IF I had to put my finger on one of the great evils of this world, it would be fanaticism. Life is, or at least it should be, a rich tapestry, each of us a unique thread in an ever-changing image.

People may be similar to one another but no two people, even identical twins, are exactly the same.

Fanatics, whatever their colour or creed, smother this spectrum of living colours and would cheerfully turn the world into a lifeless, monochrome husk.

They want everyone to be the same as them and loathe and would even seek to destroy those who are not.

The killing of soldier Lee Rigby on a London street was grotesque, an act of horrific, unbridled, ritual savagery which would not have looked out of place in the Middle Ages rather than on the streets of modern Britain.

The danger is that Lee Rigby becomes a martyr for racists who need little excuse to commit acts of violence in the first place.

Hate crimes against Muslims, the majority of whom I believe are moderate and law-abiding, are already on the rise and there have been arrests in connection with a suspected arson attack on an Islamic boarding school on the outskirts of London.

I’ve heard people on social networking sites such as Facebook say, ‘Why is it always Muslims?’ But it’s not and never has been always them.

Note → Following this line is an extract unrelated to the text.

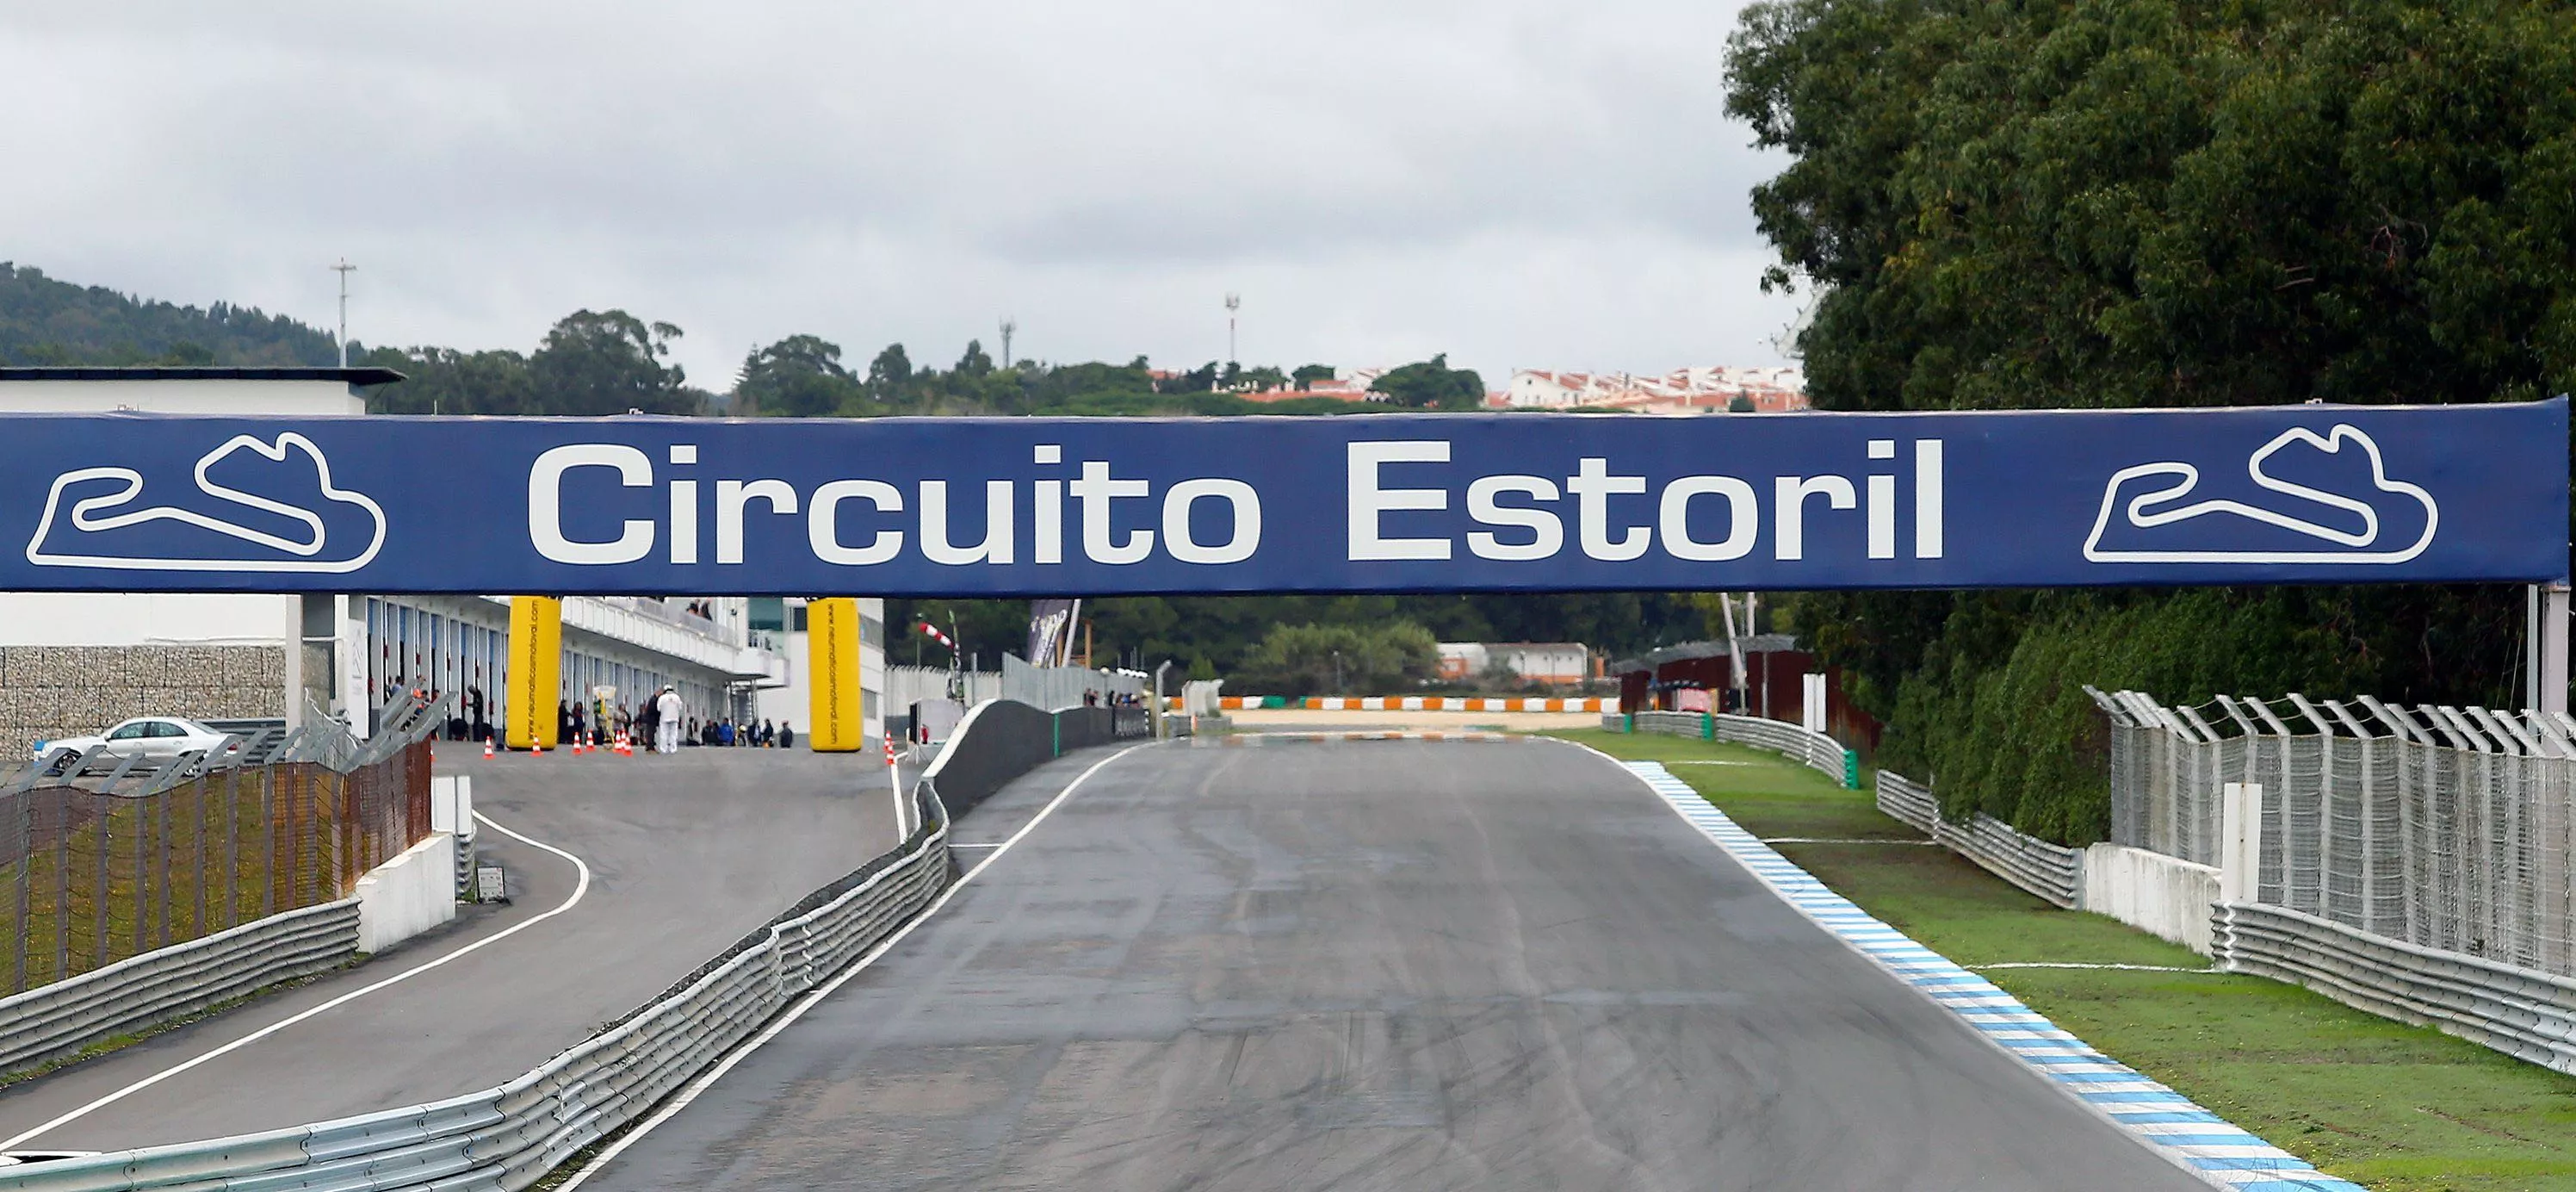 Estoril Circuit in Portugal, Europe | Racing,Motorcycles - Rated 5.4
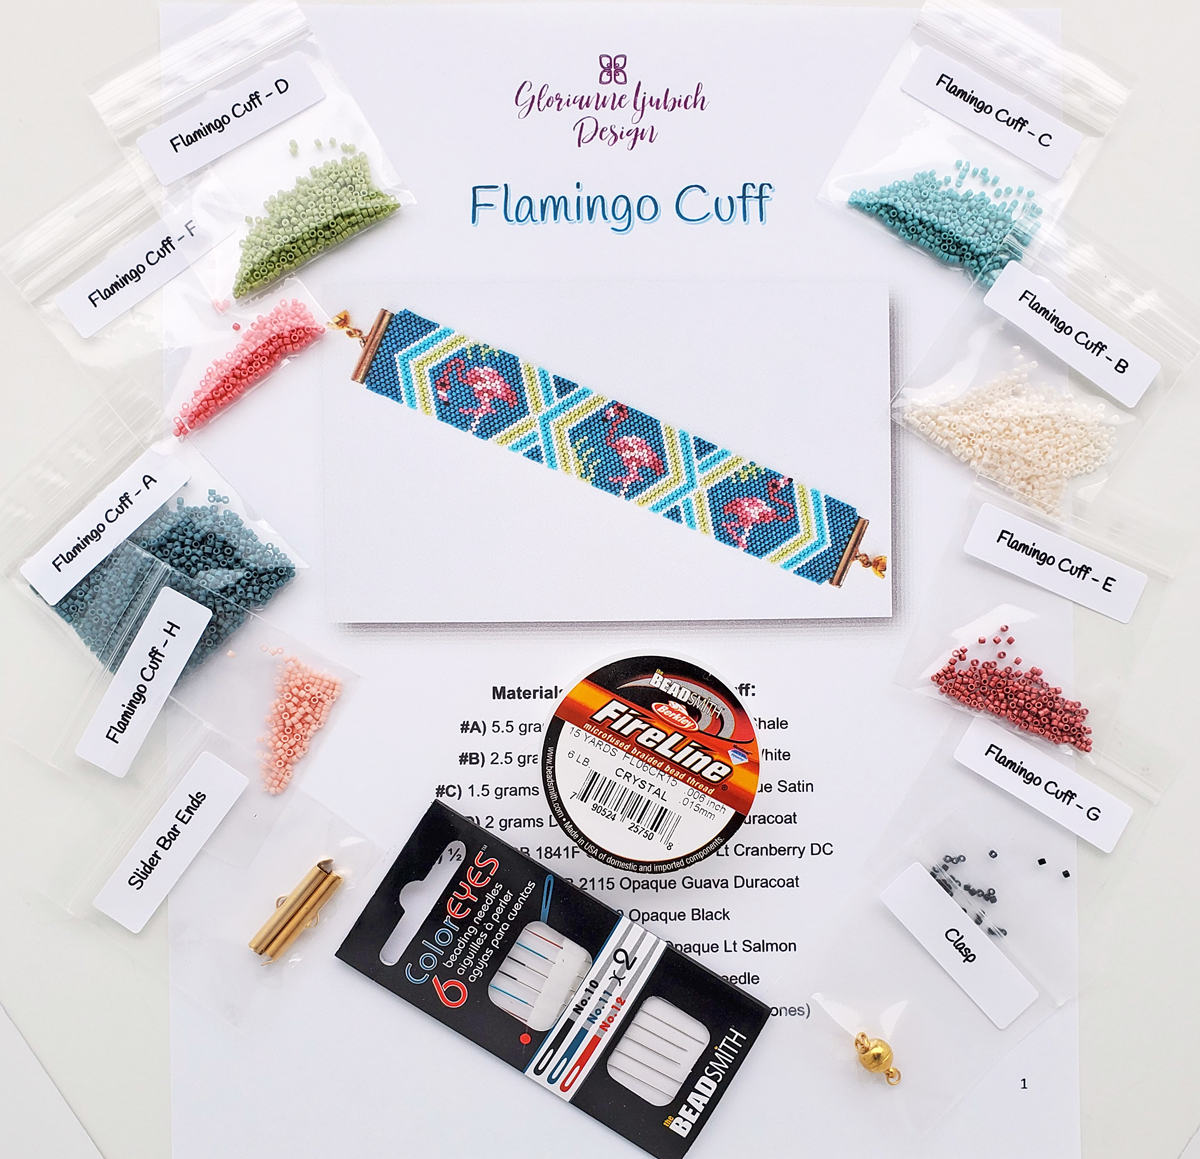 Flamingo Cuff Kit Supplies

In the last century it was the IRA, who came from a largely white, Roman Catholic background, who brought terror and mayhem to our shores.

In the 1930s and 1940s, Jews, gipsies, homosexuals, and the mentally ill were the scapegoats for the Nazis, sacrificed at the altar of pseudoscientific notions of ‘survival of the fittest’ and racial supremacy.

Millions of human beings were slaughtered on an industrial scale, viewed with little more compassion or regard than bacteria lining a toilet bowl.

If you go back far enough to the Crusades it was the Christians, not the Muslims, who raved about Holy War, massacring Muslims and Jews alike when they broke through the gates of Jerusalem in 1099, burning mosques as they went.

Jews were murdered as ‘Christ killers’, ignoring the simple fact that Christ himself was a Jew.

This kind of racism and fanatical hatred is literally blind and it must not be allowed to flourish or triumph in this country.

People sometimes blame religion but fanatics will always twist the words of God to justify the havoc they unleash.